The work of the review body will be comprehensive, detailed and onerous, requiring a serious knowledge base and forensic intelligence.

The other qualification here is that in a small country given to patronage and parochialism, the definition and implementation of ‘independence’ in such a review body will be the determinant of its credibility.

Making children, parents and communities part of the decision taking

The Government is saying that part of the purpose of these changes is to make sure that children, parents and communities are better informed and involved in the decision taking.

Some of the measures proposed – like requiring clear financial information to be set out in school closure proposals – have the capacity to provide better information. We can, however, find no reference to anything that would make children, parents and communities part of the decision taking.

Advice to ministers

The proposal to allow ministers to seek additional advice from Education Scotland in considering closure proposals must refer to cases where the Education Secretary of the day has used ‘ministerial call-in’ authority following notification by a council of a decision to close a specific school. This is the only point of the process  – and is not routime – where ministers ‘consider closure proposals’.

This measure hardly seems worth mentioning. Why would anyone taking any decision not seek advice from any useful and competent source? We are unaware of any current measure which insists that ministers act without advice.

Comments on the conflict

This will centre on the ‘educational benefit’ issue.

COSLA, which represents councils, says that its primary prime concern is the retention of the current requirement for local authorities to prove the educational benefit to pupils of shutting a school.
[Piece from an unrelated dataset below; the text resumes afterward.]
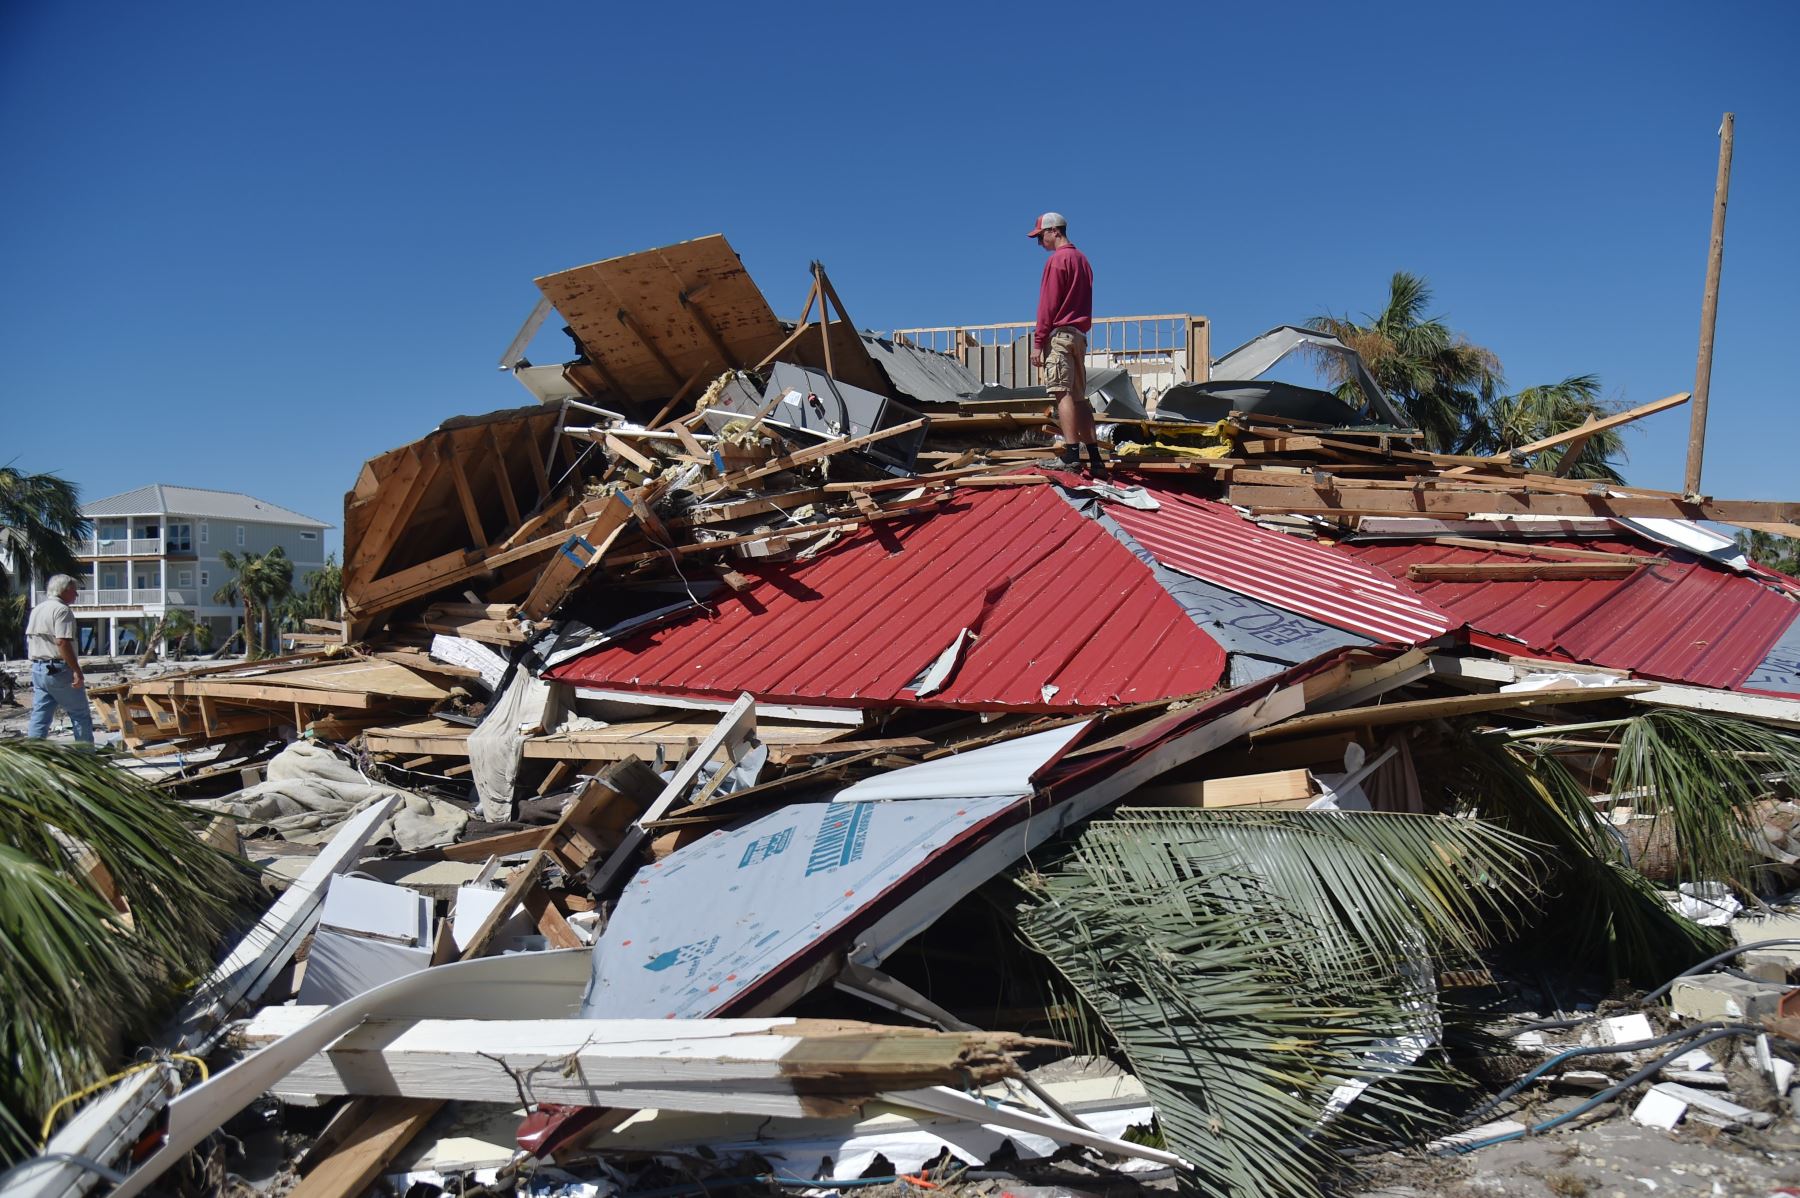 Pete Miller (L) verifica los restos de su casa después del huracán Michael el 12 de octubre de 2018 en Mexico Beach, Florida. - Los equipos de rescate que utilizaron perros rastreadores llevaron a cabo una severa búsqueda de víctimas del huracán Michael el viernes, en medio de temores de que el número de muertos por la tormenta de monstruos, que actualmente es de 11, podría aumentar. AFP

They advance in support of their stance the  recommendation of the Rural Education Commission -that it would be sufficient if the impact of closure was shown to be neutral.
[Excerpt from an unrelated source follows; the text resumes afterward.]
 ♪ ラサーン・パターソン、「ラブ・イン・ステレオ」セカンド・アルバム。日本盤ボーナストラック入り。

The Education Secretary says: ‘I am absolutely determined that educational benefit should remain an important part of any proposal – and I am convinced these amendments we will bring forward will ensure this remains central to the decision-making process.
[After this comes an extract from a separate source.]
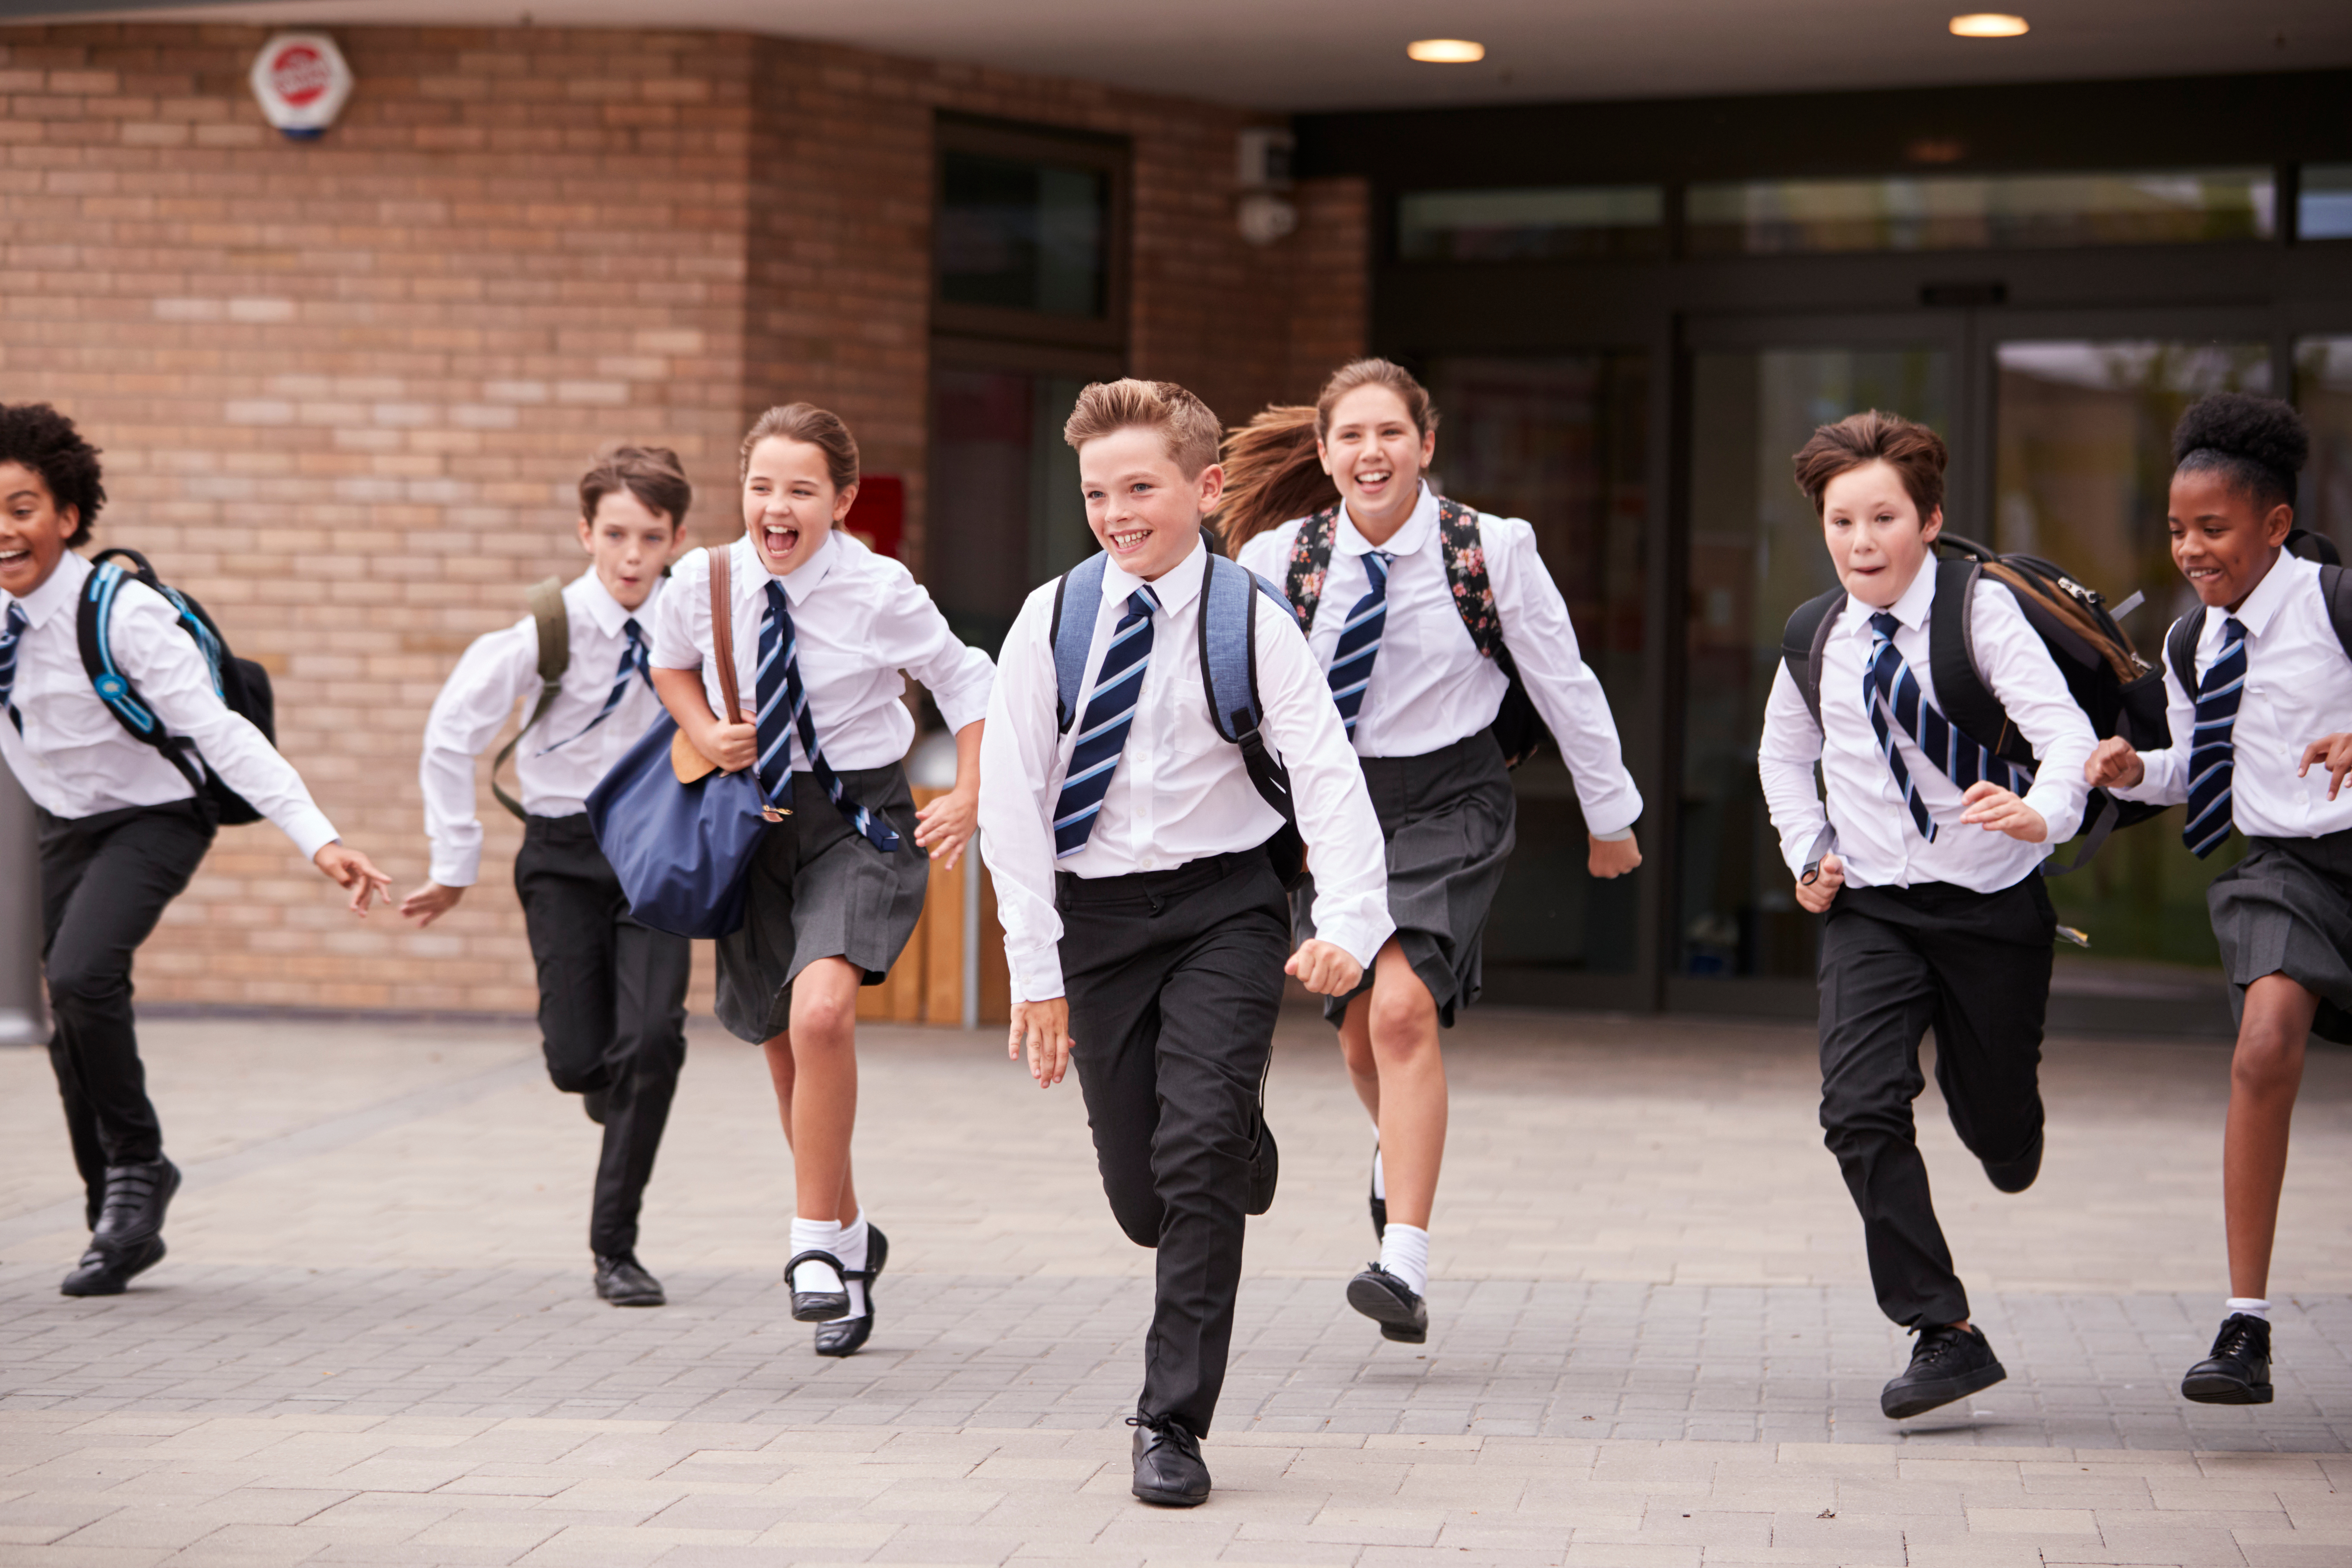 Un groupe d'élèves en uniforme scolaire. | Source : Shutterstock

Sandy Longmuir, Chair of the Scottish Rural Schools Network [SRSN] which supports the proposed changes to the 2010 Schools Act, says: ‘It is essential to demonstrate the educational benefit of any proposals and to have a robust appeals process.’

Larry Flanagan,  General Secretary of the Educational Institute of Scotland [the teachers' union], says: ‘Proposed school closures are often very challenging for communities, for parents, pupils and teachers so it is important that any such proposals are handled in an appropriate and transparent manner and with proper consultation with the school community.’

The Argyll response

The Argyll Rural Schools Network [ARSN] affiliated to the Scottish Rural Schools Network and born out of the cataclysmic school closure wars in Argyll in 2010-11, says: ‘ARSN commends the Cabinet Secretary for implementing many of the Commission’s recommendations and believe they will provide a more honest dialogue between parents and local authorities.  We look forward to a better standard of consultation with clear and accurate information, much of which has been lacking in the past.  Clarification of the presumption against closure will ensure that authorities see closure as a last rather than first resort.

‘ARSN is delighted that educational benefit will remain the priority.  This remains true to the original debates in parliament which attracted cross-party support.  Given the considerable disadvantages of travel for young children – lost daylight play times, longer hours, detachment from community input, loss of access to after school activities – it is the very least authorities should offer.’

Will the proposed changes make a difference?

In our view only the 5 year moratorium on further closure proposals for reprieved schools can be guaranteed to make a genuine difference – and that alone is worth all the fuss and feathers.